This trial is active, not recruiting.

Condition malaria
Treatments fosmidomycin, azithromycin
Phase phase 2
Sponsor Jomaa Pharma GmbH
Collaborator Mahidol University
Start date November 2008
End date October 2009
Trial size 43 participants
Trial identifier NCT01464125, JP011


The aim of this study is to evaluate the role of azithromycin as a possible combination partner for fosmidomycin to protect it from its susceptibility to recrudescent infections when used as monotherapy for acute Plasmodium falciparum malaria while retaining its excellent safety profile.

United States No locations recruiting
Other Countries No locations recruiting

Study Design

Allocation non-randomized
Endpoint classification efficacy study
Intervention model single group assignment
Masking open label
Primary purpose treatment
Open label single arm concurrent administration of fosmidomycin and azithromycin.
Fosmidomycin sodium capsules 450 mg x 4 twelve-hourly for three days
Azithromycin capsules 250 mg x 3 twelve-hourly for three days

Primary Outcomes

day 28 cure rate of >95%
time frame: 12 months
Safety and Tolerance
time frame: 12 months
Day 7 cure rate of 100%
time frame: 12 months

Secondary Outcomes

Blood samples at 0,1,2,3,4,6,8,12,14,18,24, 26,30,36,38,42,48,50,54,60,62,66,72,78,84,90,96,108,120,144.168.240 hours
time frame: 12 months
PCR corrected cure rates
time frame: 12 months

Eligibility Criteria

Male or female participants from 15 years up to 55 years old.

Inclusion Criteria: - male and female subjects aged 15 to 55 years - body mass index ≥ 18.5kg/M2 - uncomplicated P falciparum malaria with acute manifestations - asexual parasitaemia between 500uL and 100,000uL - ability to tolerate oral therapy - able to give informed signed consent Exclusion Criteria: - signs of severe malaria, according to WHO criteria - body mass index ≤ 18.5 kg/M2 - pregnancy by history or by positive urine test - lactation - mixed plasmodial infection - concomitant disease masking assessment of response, including diabetes, uncontrolled hypertension, heart failure, hepatic dysfunction (alanine-amino transferase > 150 U/L), renal impairment (creatinine > 125 umol/L or 3 mg/dl), haemoglobin < 8g/dl, white cell count > 12000/uL - anti-malarial treatment within previous 28 days - symptomatic AIDS

Additional Information

Official title Evaluation of Fosmidomycin and Azithromycin When Administered Concurrently to Adult Subjects With Acute Uncomplicated Plasmodium Falciparum Malaria
Principal investigator Srivicha Krudsood, Prof
Description The scientific rationale for the use of this combination is to inhibit the ability of the parasite to synthesise isoprenoids, as precursors of many essential compounds including sterols, carotenoids and ubiquinones.

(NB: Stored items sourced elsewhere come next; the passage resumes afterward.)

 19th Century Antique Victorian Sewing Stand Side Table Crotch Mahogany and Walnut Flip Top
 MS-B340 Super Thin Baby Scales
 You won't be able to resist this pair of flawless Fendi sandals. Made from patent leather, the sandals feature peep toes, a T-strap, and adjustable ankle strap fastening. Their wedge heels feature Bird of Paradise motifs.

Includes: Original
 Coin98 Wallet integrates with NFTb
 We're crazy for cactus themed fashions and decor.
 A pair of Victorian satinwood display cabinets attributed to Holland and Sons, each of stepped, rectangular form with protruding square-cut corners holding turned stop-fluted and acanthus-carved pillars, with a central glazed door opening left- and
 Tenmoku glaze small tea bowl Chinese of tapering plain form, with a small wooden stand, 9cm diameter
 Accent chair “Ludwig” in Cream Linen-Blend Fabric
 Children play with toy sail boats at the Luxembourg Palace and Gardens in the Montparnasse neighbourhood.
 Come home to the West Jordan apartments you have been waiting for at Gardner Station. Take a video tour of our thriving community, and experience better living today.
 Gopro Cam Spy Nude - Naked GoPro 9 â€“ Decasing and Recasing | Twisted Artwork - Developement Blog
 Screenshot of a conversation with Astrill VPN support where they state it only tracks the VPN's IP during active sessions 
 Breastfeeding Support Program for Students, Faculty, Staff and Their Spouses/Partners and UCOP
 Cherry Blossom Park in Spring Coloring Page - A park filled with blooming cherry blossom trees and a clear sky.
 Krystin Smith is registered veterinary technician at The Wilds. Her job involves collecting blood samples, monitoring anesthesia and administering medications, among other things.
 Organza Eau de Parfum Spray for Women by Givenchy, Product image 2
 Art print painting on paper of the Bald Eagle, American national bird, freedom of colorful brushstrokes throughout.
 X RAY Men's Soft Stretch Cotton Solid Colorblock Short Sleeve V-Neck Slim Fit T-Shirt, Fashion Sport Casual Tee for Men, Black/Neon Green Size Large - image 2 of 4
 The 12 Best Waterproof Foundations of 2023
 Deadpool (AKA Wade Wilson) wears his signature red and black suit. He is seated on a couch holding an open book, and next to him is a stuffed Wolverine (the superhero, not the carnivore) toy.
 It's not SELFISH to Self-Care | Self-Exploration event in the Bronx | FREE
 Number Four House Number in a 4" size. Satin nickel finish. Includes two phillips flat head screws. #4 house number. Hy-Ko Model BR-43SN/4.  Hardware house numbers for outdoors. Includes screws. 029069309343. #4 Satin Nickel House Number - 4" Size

This is effected through blockade of the non-mevalonate pathway by fosmidomycin as a potent inhibitor of 1-deoxy-D-xylulose 5-phosphate reductoisomerase coupled with targeting of protein biosynthesis by azithromycin through binding to the 50S ribosomal subunit. This mode of action contrasts with the ability of the human host to utilise the mevalonate pathway for isoprenoid synthesis and accounts for the safety profiles of both drugs through the mechanism of selective toxicity. Moreover it affords protection against cross resistance with existing chemotherapeutic agents. The dose of fosmidomycin, equivalent to 30mg/kg twice daily for three days, selected for evaluation in this proof of concept study is derived from the highest dose that was administered in the Phase I safety tolerance studies. While the recommended dose of azithromycin for the treatment of bacterial infections is 250mg daily for three days, higher doses of up to 1500mg daily for three days have been evaluated for the treatment of malaria, in combination with artesunate or quinine.
Trial information was received from ClinicalTrials.gov and was last updated in October 2011.
Information provided to ClinicalTrials.gov by Jomaa Pharma GmbH.